- **WHAT TO DO**
Each line below should be retyped exactly, with no pictures.
....
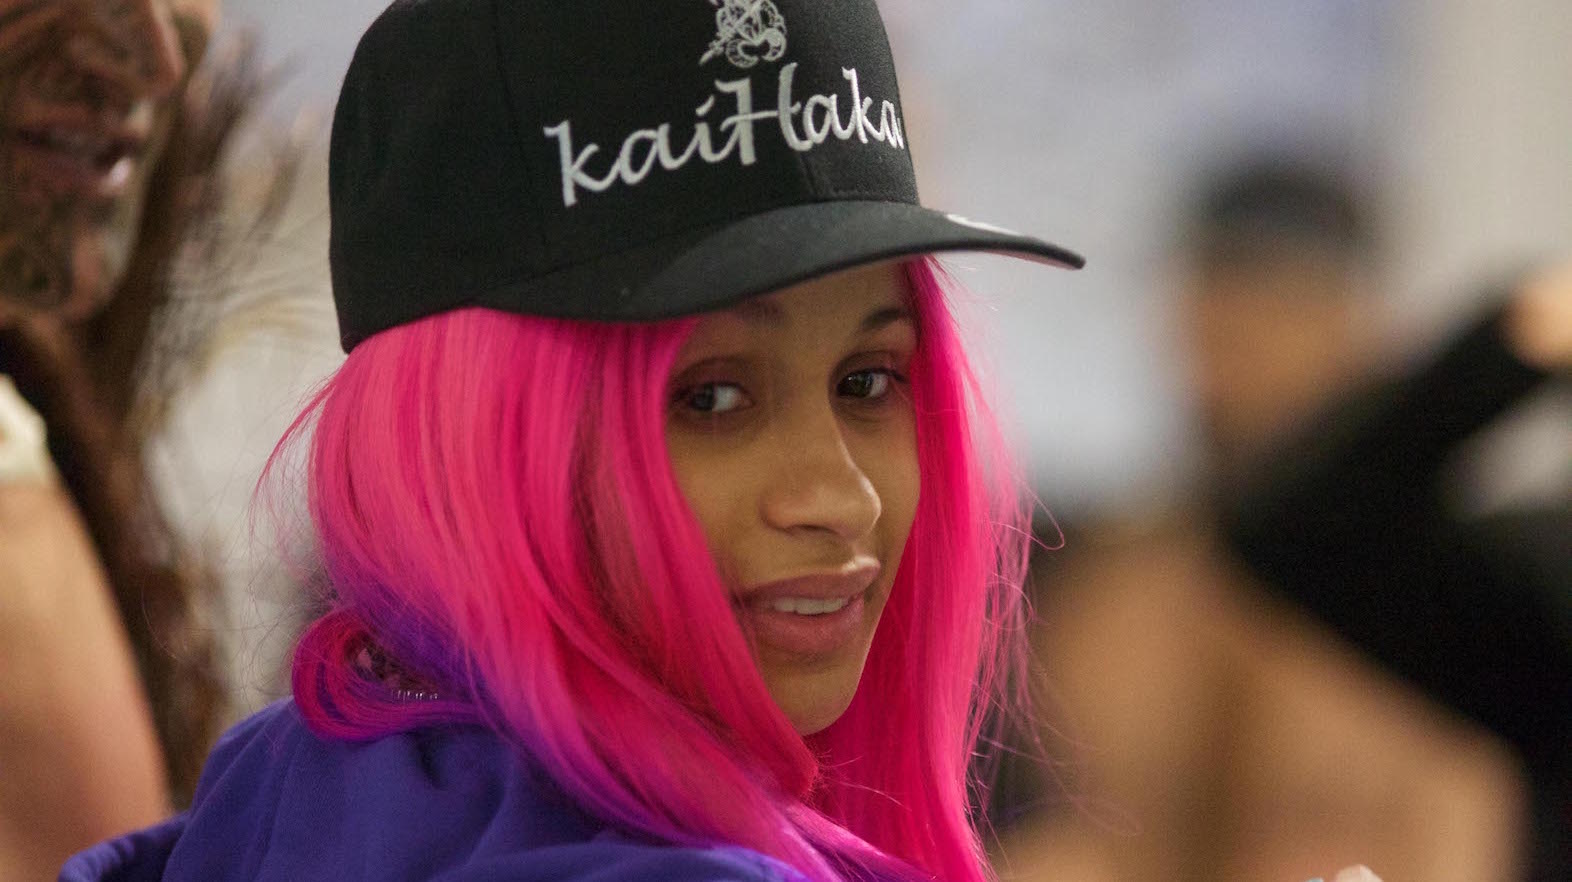 Cardi B's Pink and Purple Hair Looks Amazing on Her
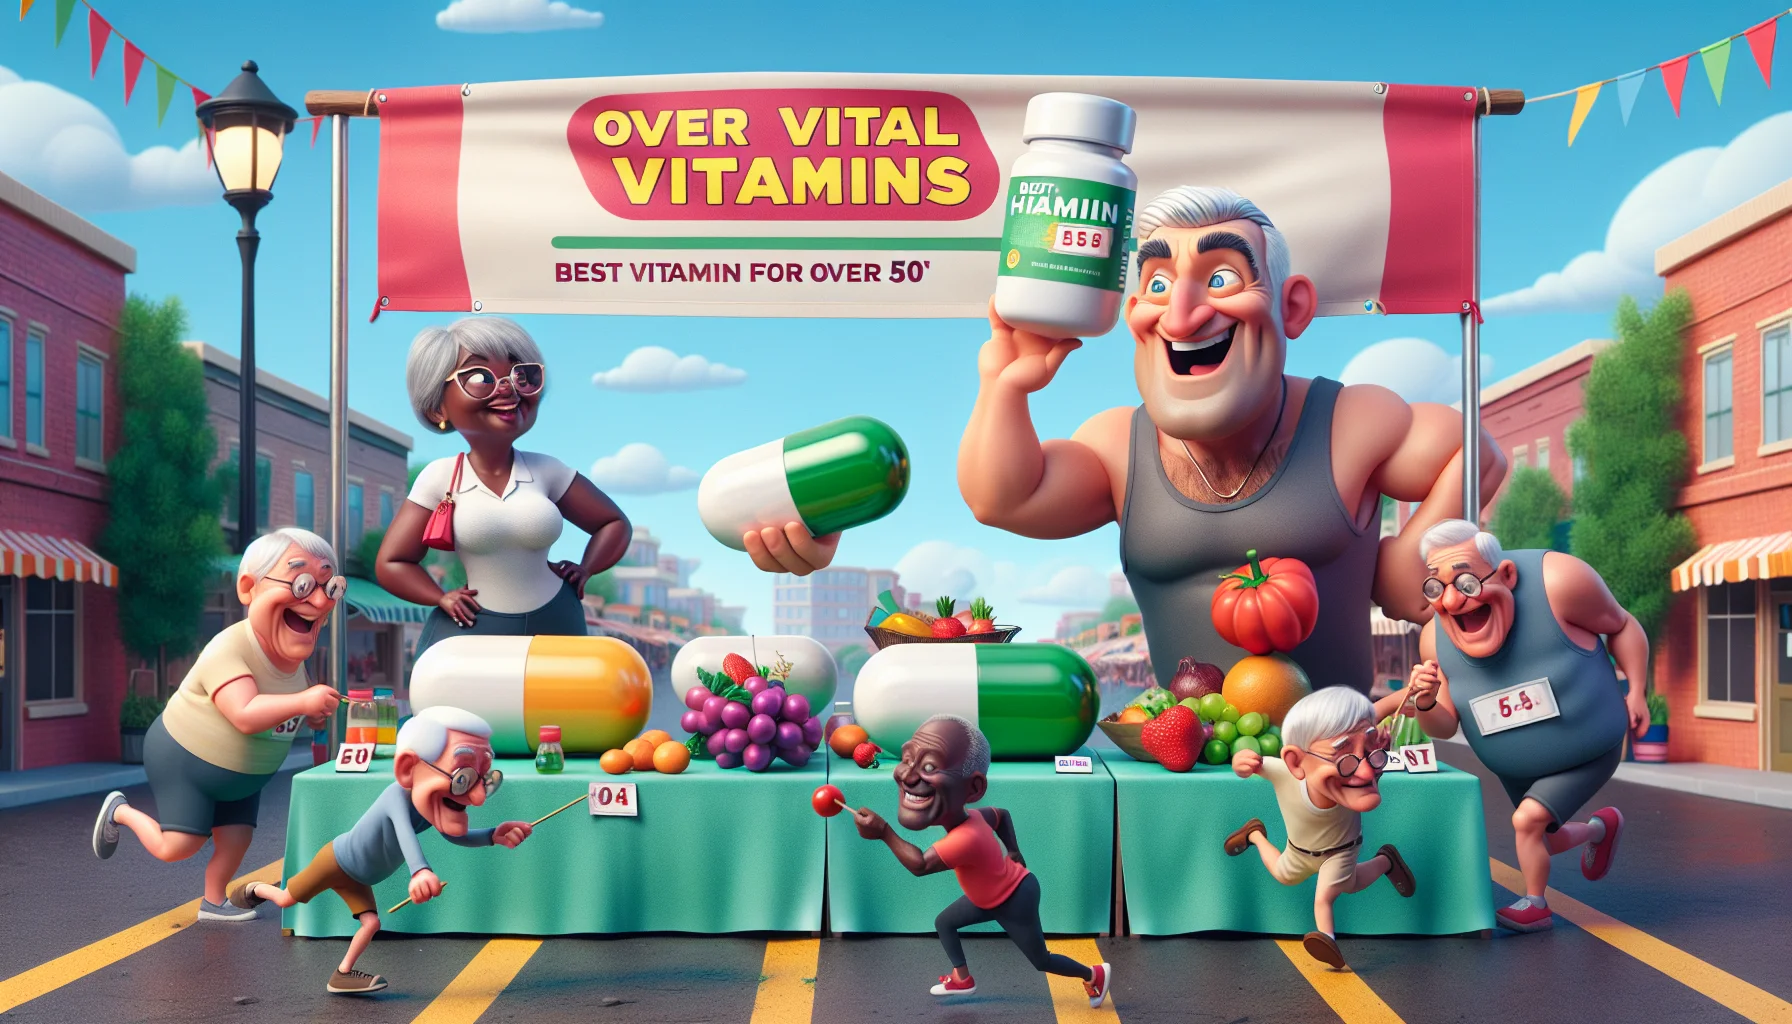 A humorous scene takes place in a vibrant farmer's market. An elderly Caucasian man in a cheerful demeanor stands behind a market stall named 'Over 50's Vital Vitamins'. He is proudly showcasing oversized, cartoonish vitamin pills labeled 'Best Vitamin for Men Over 50'. Nearby, a group of animated seniors, including a Black woman, a Hispanic man, and an Asian woman, are enthusiastically participating in an 'eating healthy' race. They're balancing a variety of colorful fruits and vegetables on spoons in their mouths, vying to reach a finish line drawn near the vitamin stall.
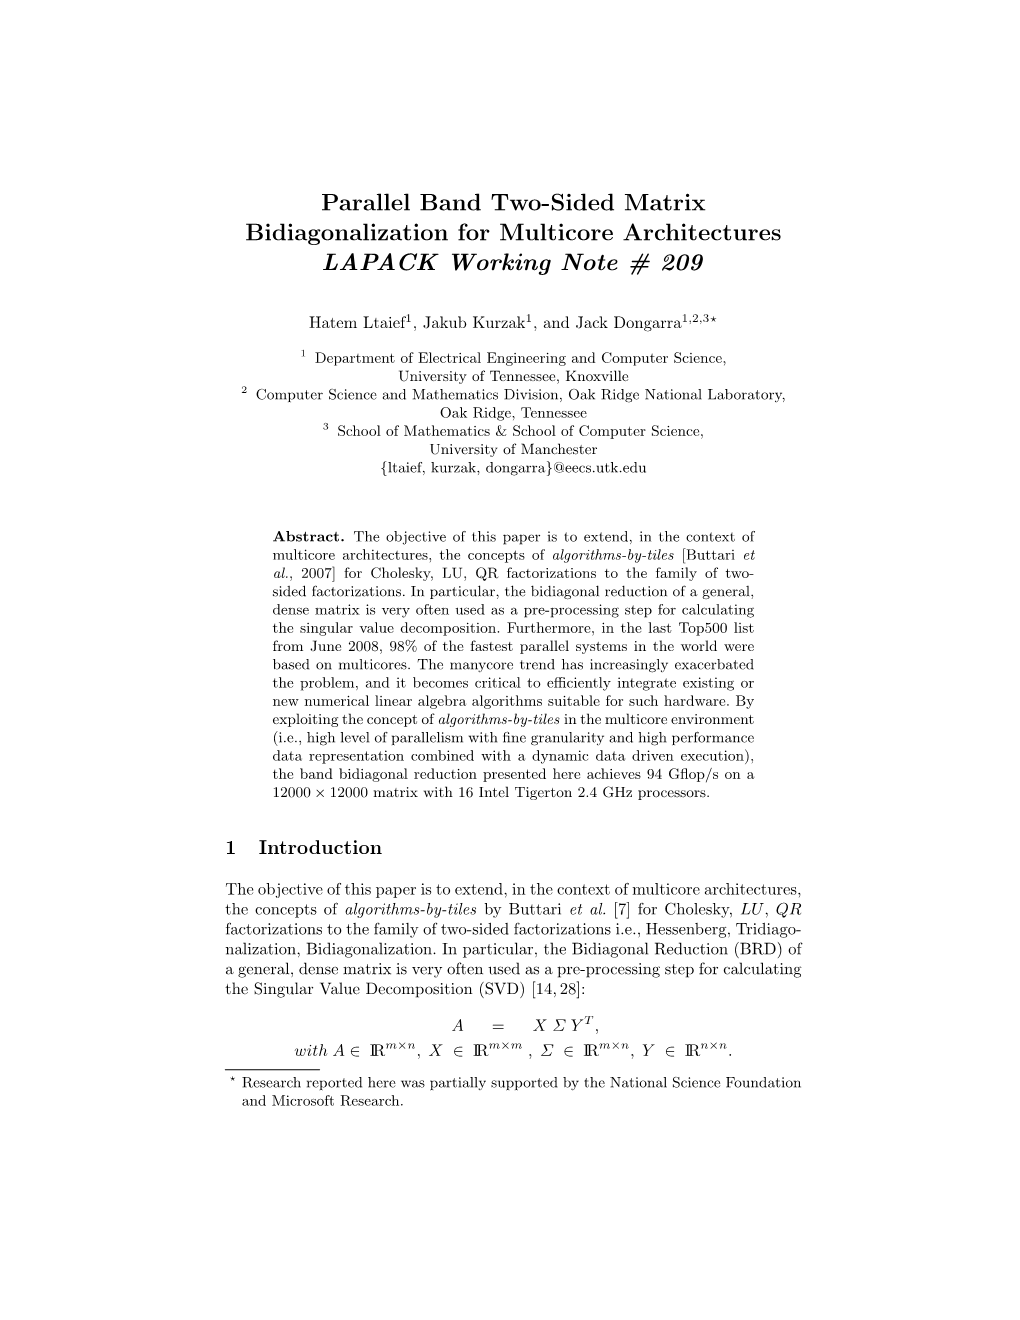 Parallel Band Two-Sided Matrix Bidiagonalization for Multicore Architectures LAPACK Working Note # 209
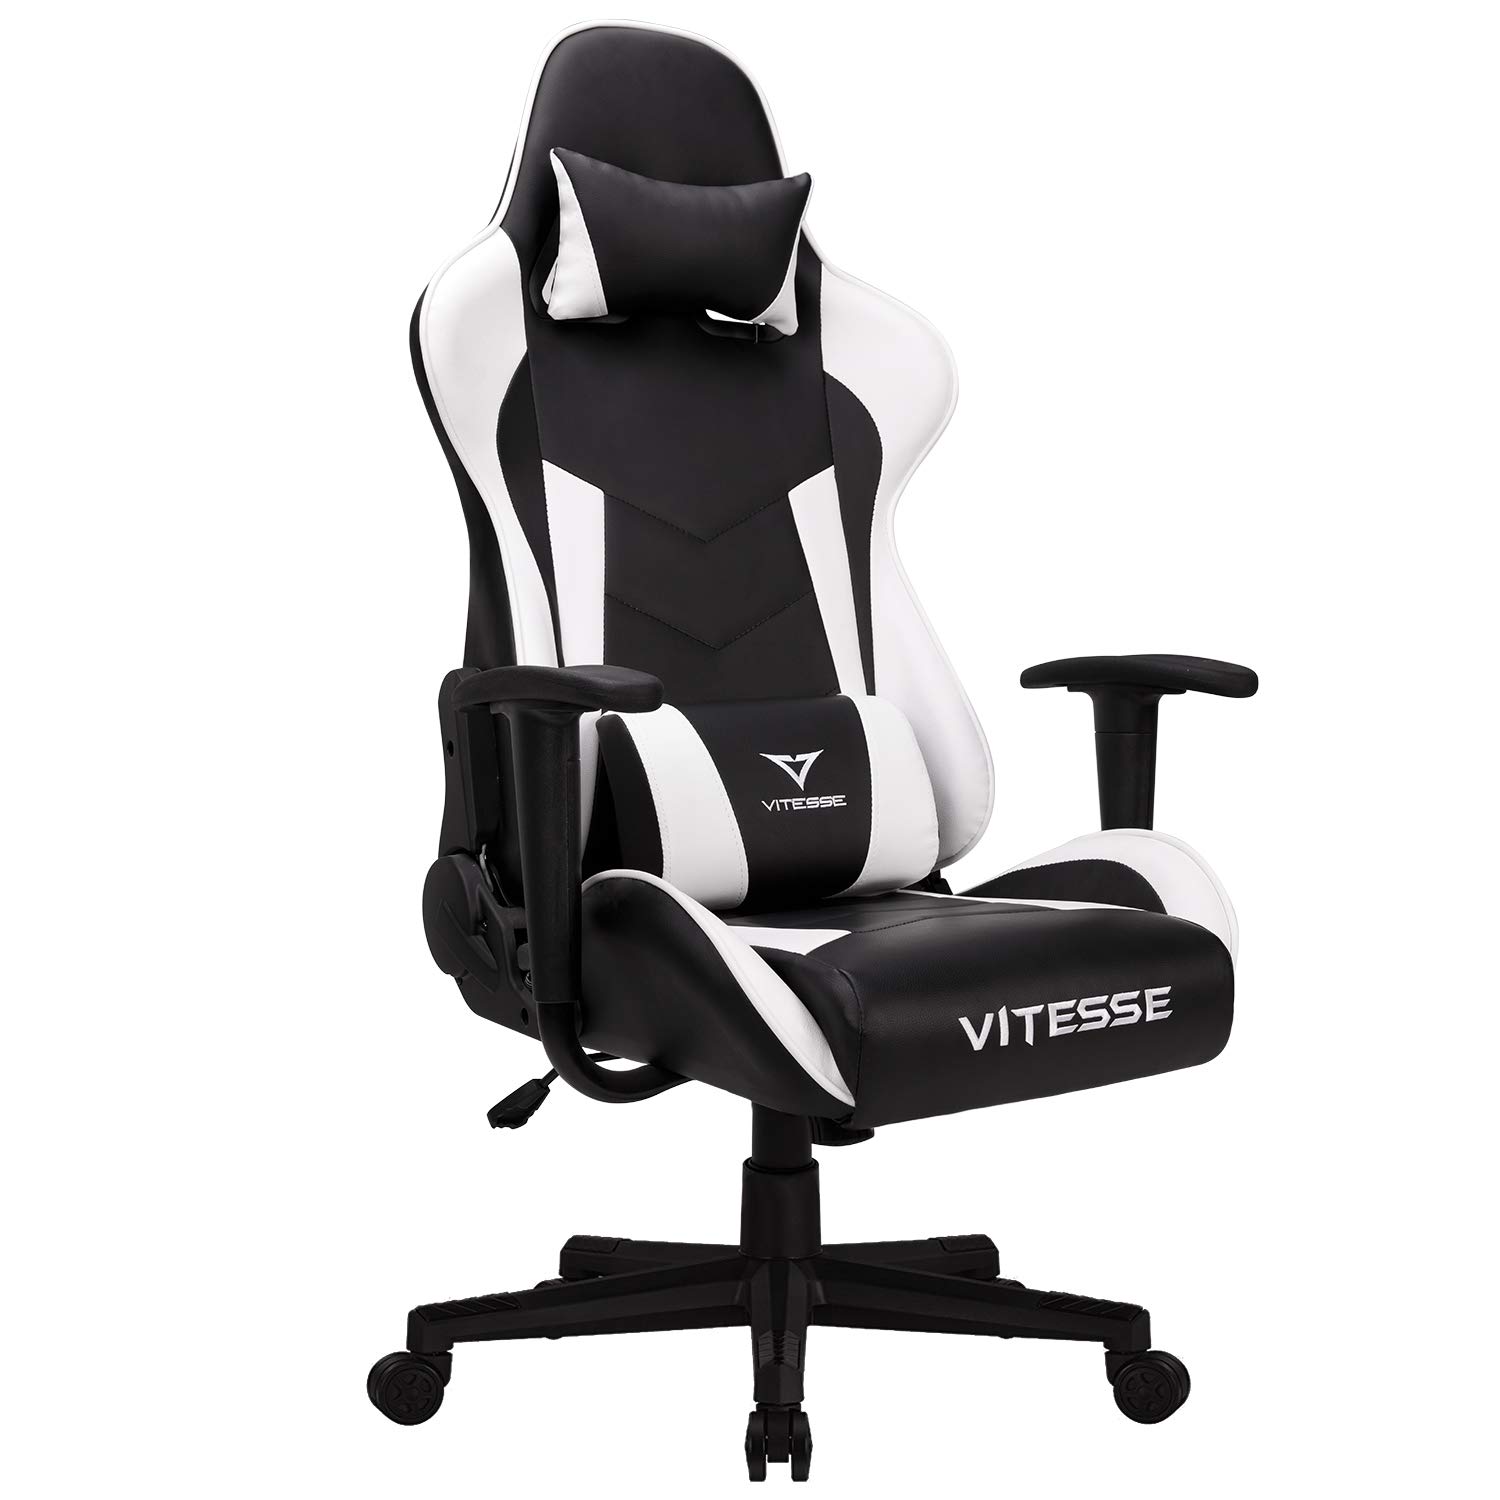 Gaming Office Chair Ergonomic Desk Chair High Back Racing Style Computer Chair Swivel Executive Leather Chair with Lumbar Support and Headrest (White)
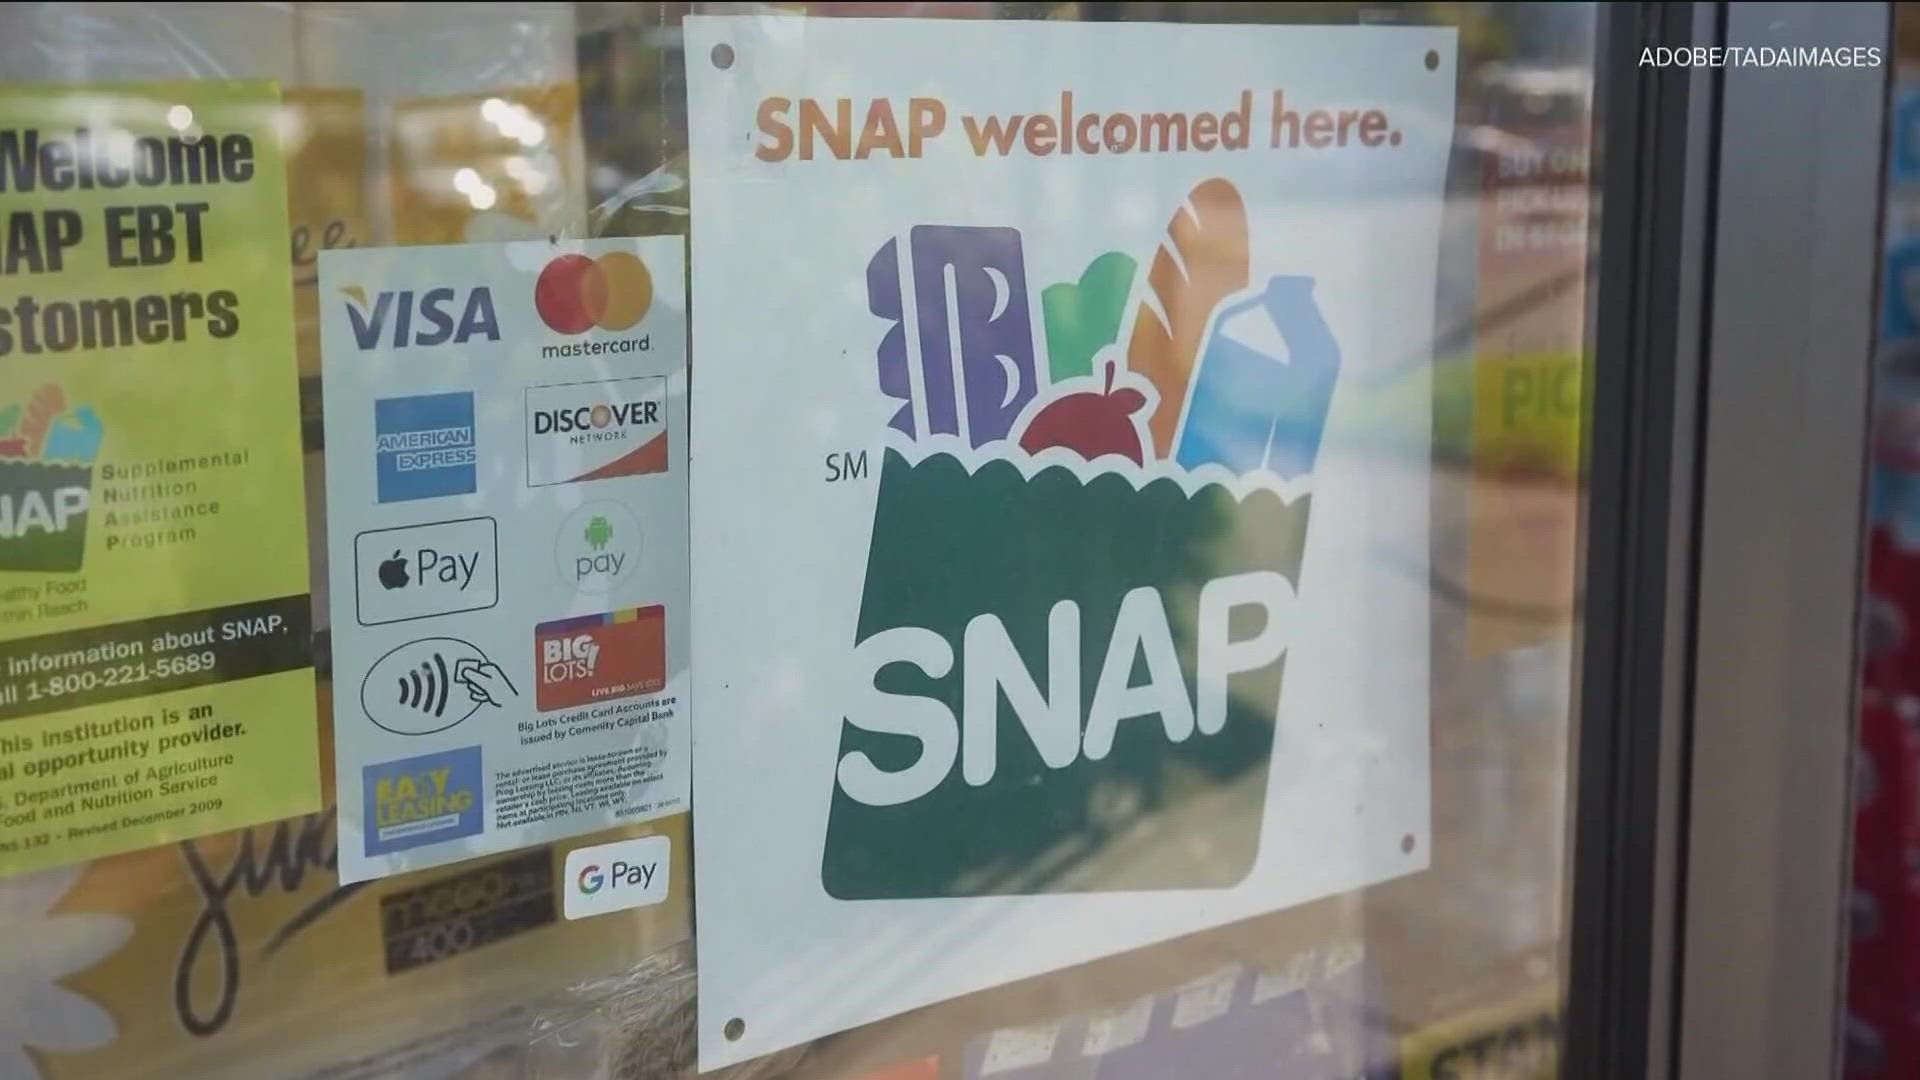 New efforts are underway to get that money back to Georgia families who rely on the SNAP program.
....
- **SOLUTION FOR THIS TASK**
 Cardi B's Pink and Purple Hair Looks Amazing on Her
 A humorous scene takes place in a vibrant farmer's market. An elderly Caucasian man in a cheerful demeanor stands behind a market stall named 'Over 50's Vital Vitamins'. He is proudly showcasing oversized, cartoonish vitamin pills labeled 'Best Vitamin for Men Over 50'. Nearby, a group of animated seniors, including a Black woman, a Hispanic man, and an Asian woman, are enthusiastically participating in an 'eating healthy' race. They're balancing a variety of colorful fruits and vegetables on spoons in their mouths, vying to reach a finish line drawn near the vitamin stall.
 Parallel Band Two-Sided Matrix Bidiagonalization for Multicore Architectures LAPACK Working Note # 209
 Gaming Office Chair Ergonomic Desk Chair High Back Racing Style Computer Chair Swivel Executive Leather Chair with Lumbar Support and Headrest (White)
 New efforts are underway to get that money back to Georgia families who rely on the SNAP program.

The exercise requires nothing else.